Der Genauigkeit halber will ich erwähnen, daß das "Hilton" zum Zeitpunkt der Aufnahme dieses Konzertes eigentlich noch "International Hotel" hieß.
Auf der rechten Seite gibt es eine Auflistung der anwesenden Musiker. Es ist klar, daß der hier erwähnte Jerry Schweft in Wirklichkeit Jerry Scheff ist.
Die Rückseite ist Türkis und bietet eine Liste der enthaltenen Lieder. Aus der Rückseite hätte man mehr machen können. Zumindest hätte man auch hier nochmal das Aufnahmedatum anbringen können. Dann hätte der Käufer nämlich schon von außen erkennen können, welches Konzert auf der CD ist.
Bei der Songauflistung fehlt die "Introduction Of The Band". Auf der CD selbst ist sie jedoch enthalten.
Mit 56 Minuten Laufzeit liegt die Dauer des Konzertes beim Durchschnitt.
Aufgrund rechtlicher Schwierigkeitenhaben einige Händler diese deutsche Produktion nicht in ihr Programm aufgenommen. Es ist daher schon jetzt offensichtlich, daß diese Scheibe einmal eine Rarität wird.
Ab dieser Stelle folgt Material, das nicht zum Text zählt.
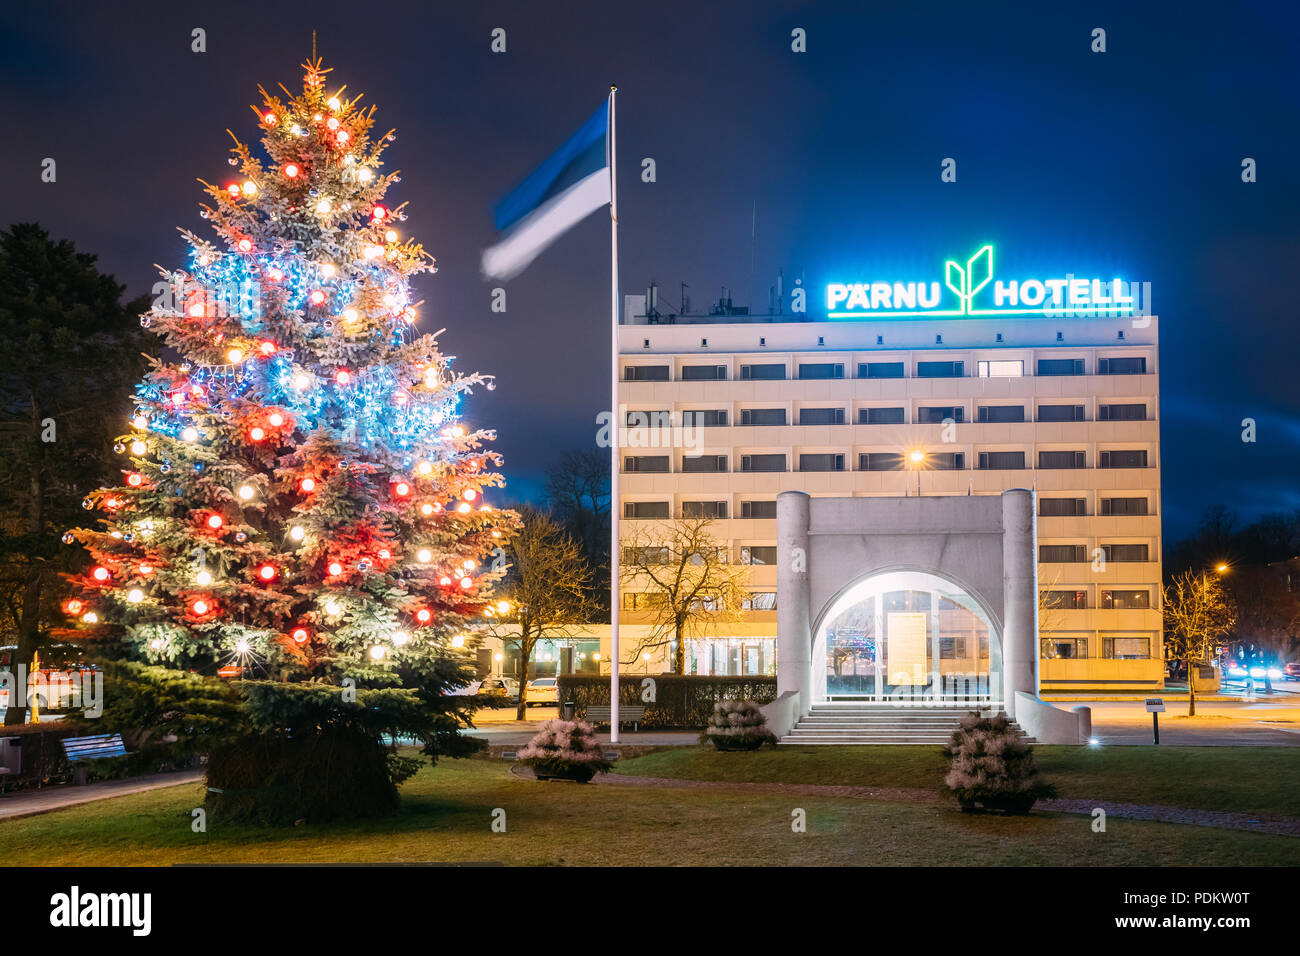 Parnu, Estonia - December 14, 2017: Parnu Hotel And Christmas Tree In Evening Christmas Xmas New Year Illuminations. Stock Photo

Noch ein Wort zum Titel der CD: Auf dem Cover wird sie als "I Don't Wonna Sing These Songs" bezeichnet. Auf der CD selbst jedoch steht "I Don't Wanna . . .". Ich persönlich denke, daß die letztgenannte Schreibweise die richtige ist, da das Wort "wanna" der Umgangsausdruck für "want to" ist.